In 1986, a company by the name of Dreamrider Software released what they boasted was “the very first commercially available, full graphics, modem game” retailing at $39.95. It was a huge boast to make, but in those early years of computer gaming, it was an exciting selling point for the home user.
So what was Operation Terminal? As far as I was able to gather, it was a spy game on the Commodore 64 somewhat similar to First Star Software’s Spy vs. Spy in 1984. But instead of playing pranks on each other and restricting itself to a local 2-player split screen mode, Operation Terminal allowed two players to call each other up via modem and compete on their respective systems as another early form of multiplayer.
Scott Thomas for Compute Gazette took a look at the game in Issue 47 and describes the plot as taking place at a secret laboratory where antimatter is being created. The scientist behind it has mysteriously disappeared so it’s up to you to go in and find the antimatter and research papers before time runs out and everything goes boom.
Gameplay takes place in a grid of rooms and hallways. Rooms are separated by four-way halls viewed from a top down perspective. Rooms themselves are shown in a side view. As the secret agent, it’s up to you to search panels in each room for the vital antimatter and papers before time runs out. Bombs triggered by entering trapped rooms can also stun players for up to fifteen seconds, further robbing them of valuable time after throwing them up into the ceiling.
The top half of the screen shows the “action” where players move their agent around. The bottom half shows the vital essentials — grid map, time remaining, antimatter found, papers discovered, and strength left. Strength depletes every time a bomb goes off stunning your agent or whenever they open a panel to search it and if they’re too tired, they can’t do much of anything and need to find the room with a first-aid station to replenish it.
The battery gauge is for the “jammer” that you have to keep bombs from going off if you run into one.

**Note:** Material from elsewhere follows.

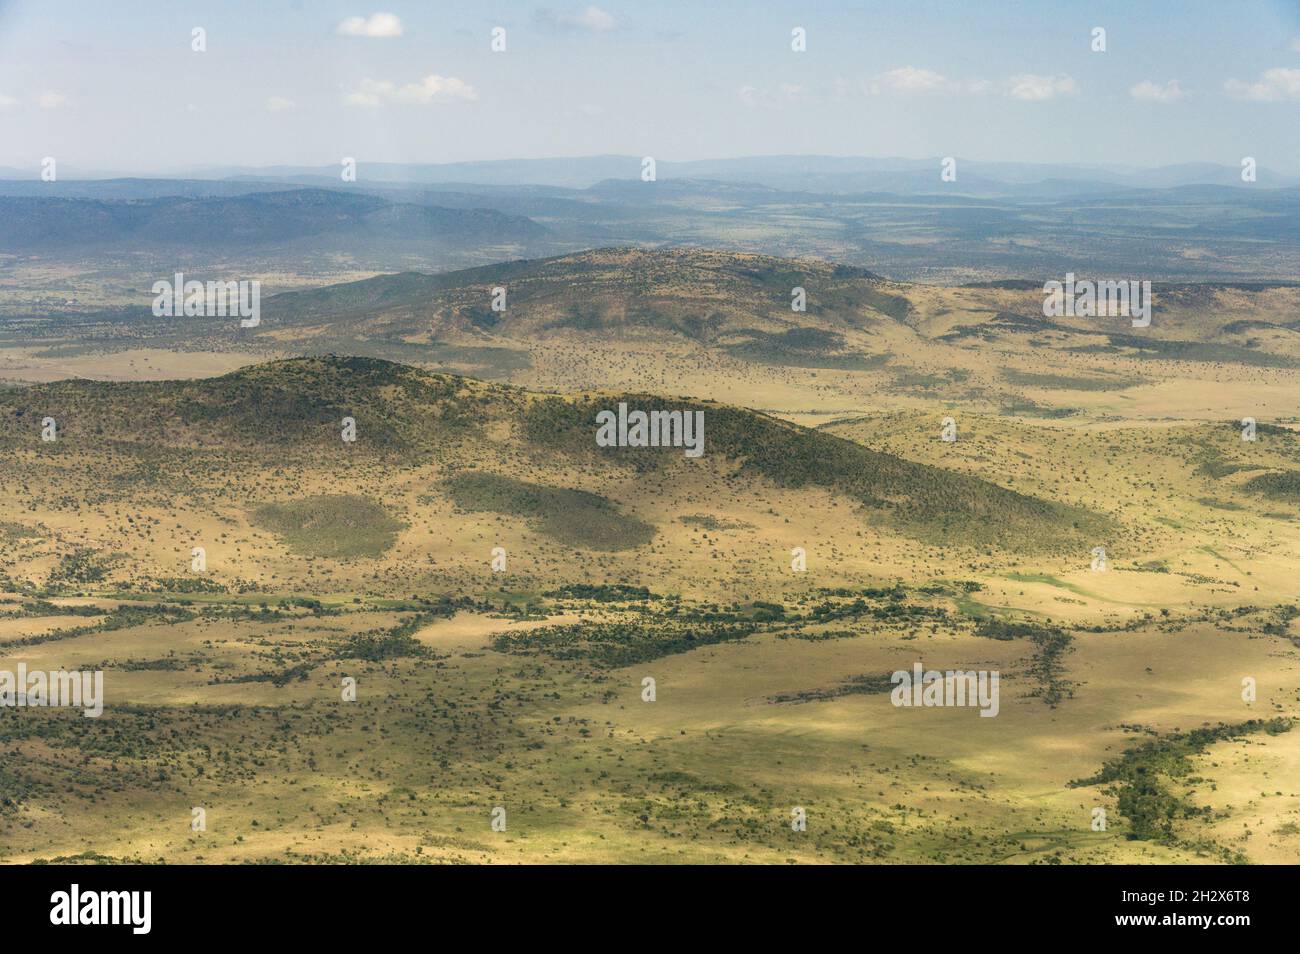 Aerial view of undulating semi arid hills dotted with trees, Kenya Stock Photo

As for the number of bombs in your inventory, well, that’s for the other player.
Operation Terminal can be played solo, but if two players are going at it, they can sabotage each other to be the first to find everything they need to safely exit the complex and come home a hero. According to Thomas’ review, there are enough of the mission critical items for both to find in the same game making it a race to get to find them first and delay the other player by trapping rooms with their stash of bombs. Thomas also noted that if one player succeeded, the other player had one minute to try and finish before everything went up in a toasty ball of antimatter/matter.
I’m not exactly sure what might happen if both players ran into each other in the same room since there’s apparently a radar function that can also be used to tell you where they are. There’s also a battery recharge station that can be destroyed with a bomb but would leave both players without it. Griefing, anyone?
Unfortunately, the game is all but unknown today despite what its marketing thought back then. It’s listed up on Gamebase 64 as a part of its massive listing of titles and is floating around as abandonware. It’s really too bad as Scott Thomas concludes in his review that this wasn’t a bad game, and as Mindscape’s Infiltrator had also demonstrated in the same year, spies often knew how to have a good time.